The proposal speaks of a building in a state of flux. Flux is a dominating feature of the Japanese landscape whether rural or urban. Earthquakes, tsunamis and volcanoes are constantly reforming the landscape, while the buildings in the city have an average life span of only 26 years, due to the urban growth patterns. What's more, buildings in Tokyo never stand proud and solid, but they are always dressed in bright commercial advertisements that have their own short term recycling patterns.

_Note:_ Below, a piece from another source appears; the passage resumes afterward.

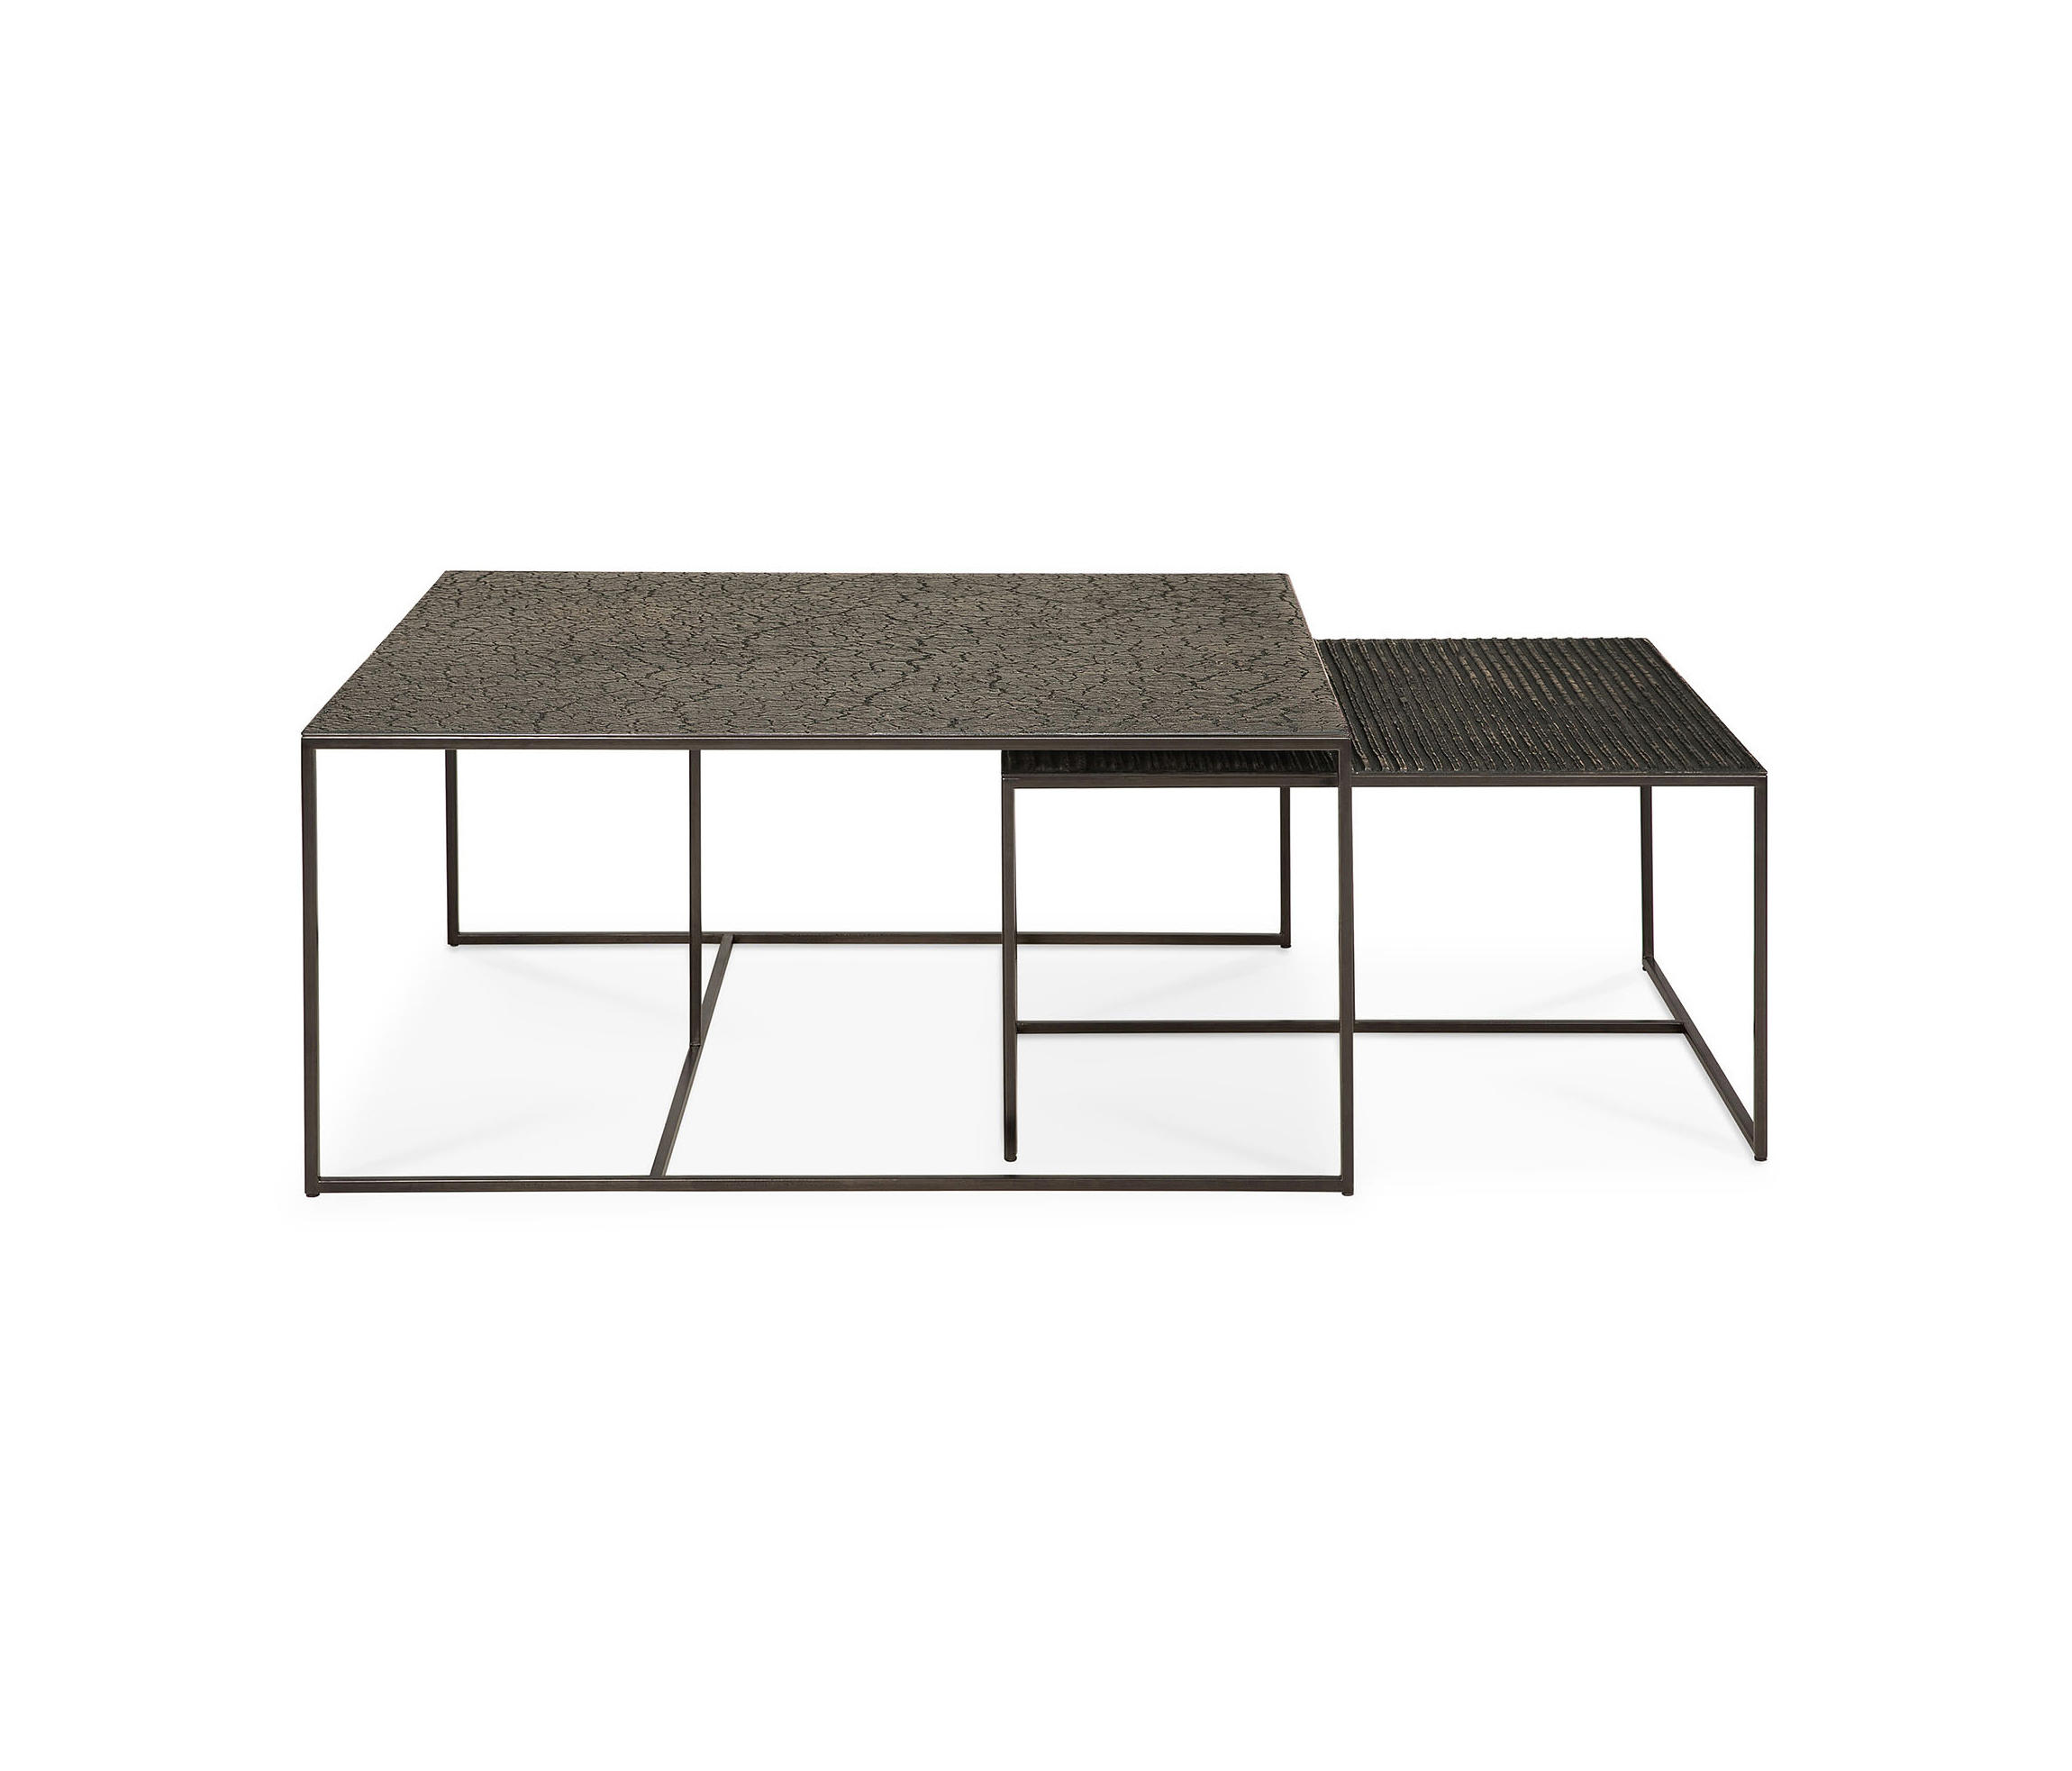 Pentagon Tables by Ethnicraft
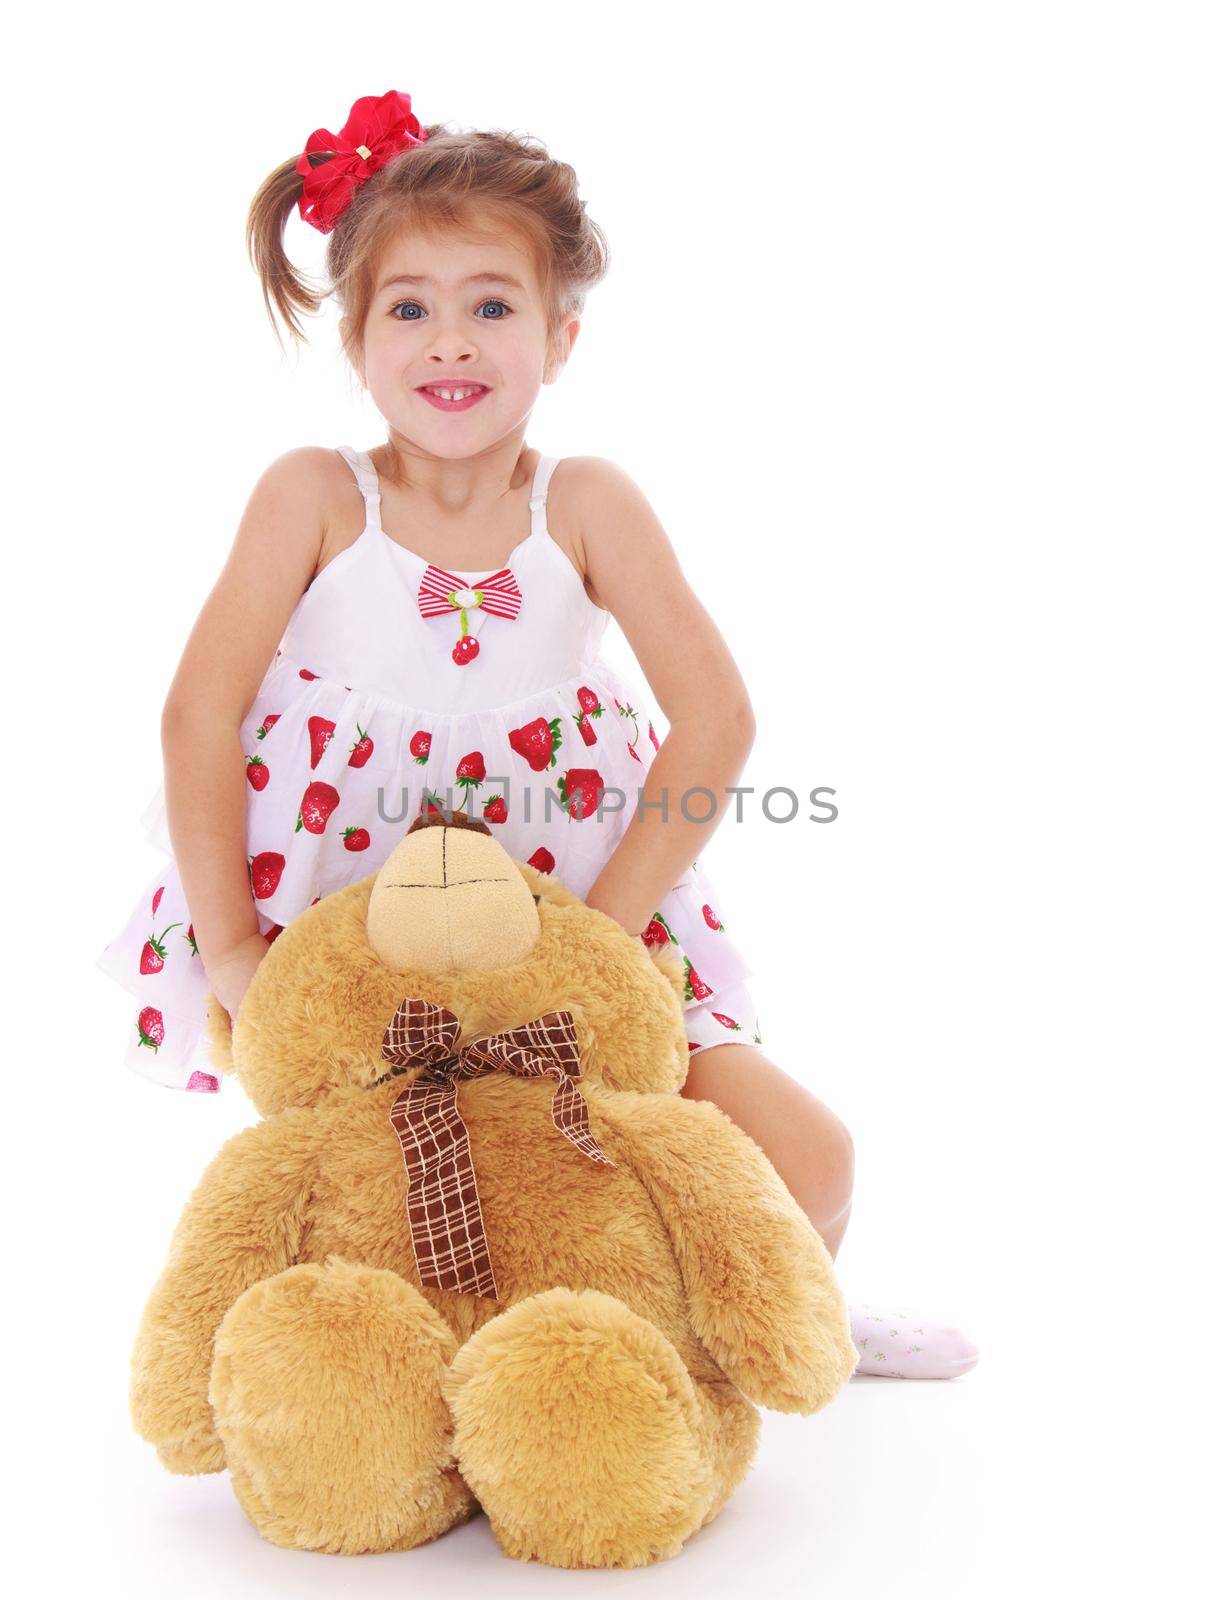 Cute little girl in a light summer dress that hugs a Teddy bear - Isolated on white background

At the moment, the volatile and immersive cityscape of Tokyo has managed to alienate people from one another leading some to an extremely lonely way of life. The Metabolist movement, while actively addressing the fluctuating condition of the culture in Japan, has perhaps enhanced the individualistic lifestyle of the nation. The capsule hotel, a typology proposed by Kirokawa, considers dwelling as the space needed for only one body and its essential functions, leaving human interaction abundant.
It is my belief that within this cultural fabric and its specificity of flux, lies the possibility of real human interaction. Through the event of transformation and the confrontation of new conditions people can be given the opportunity to interact and collaborate in order to create their new living arrangements. Via the exaggeration of this shifting landscape in the scale of a building (and with the appropriate scaling down of the timeline too), people can be pushed to work as a whole.
Community is the final objective of this project, which consists of a tower offering a few months accommodation to people in difficult times (unemployed-underemployed). It is my aspiration to do so in a Japanese manner; where destruction, a pivotal element of the culture, is often viewed as an opportunity for the creation of new bonds, in this case social.